The only caveat: If you're going to sleep outside of the relationship, keep your partner safe. What do I mean by this? Use protection. There is no way you can justify sleeping with other people if you're risking your partner's life in the process. Caution is certainly prudent; one suggestion is to make sure all parties involved have negative STI tests that are at least 6 months apart, as well as using protection. I have no idea what the Orthodox Jewish stance is on barrier contraceptive methods, so I don't know what Rabbi Harel would advise. Any Jewish readers, please feel free to comment.
Western culture is actually the exception, not the rule, when it comes to roles for the Alphabet Soup. I suspect this is why the gay community is so vocal; we have no purpose socially. A safe, constructive, positive outlet for alternate gender identities would ease tensions between the gay community and those who would oppress it. There would be clear role-models, clear expectations. Yes, of course there would be those who still wouldn't follow the rules; there's a place for them too. But it is the lack of a place for Alphabet Soup members that is creating a flashpoint, as we try to take over space that has been occupied in the past by an Abrahamic-centric, homophobic culture.

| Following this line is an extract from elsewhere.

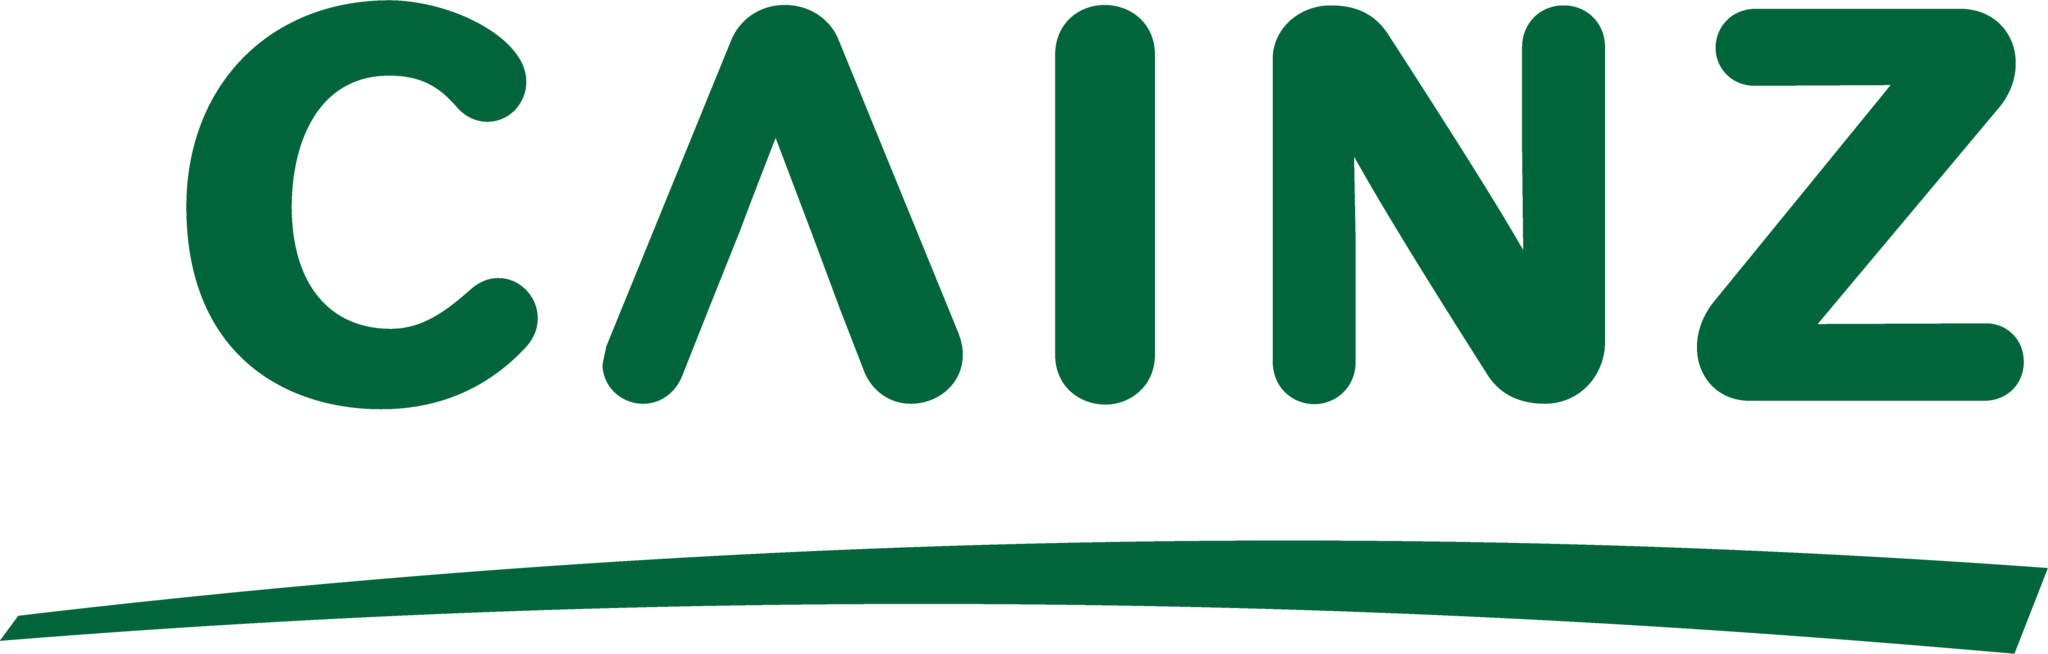 cainz-logo

The results are not pretty. Matthew Shepard and Brandon Teena can attest to that. While I acknowledge that Rabbi Harel's solution isn't ideal, it represents an acknowledgement of inborn characteristic of alternate identities. We cannot help who we are; at least help us find a place where we can be. The gay community has been lobbying hard to receive the simplest, most basic of human rights - the acknowledgement that I exist. Thank you, Rabbi Harel, for that acknowledgement.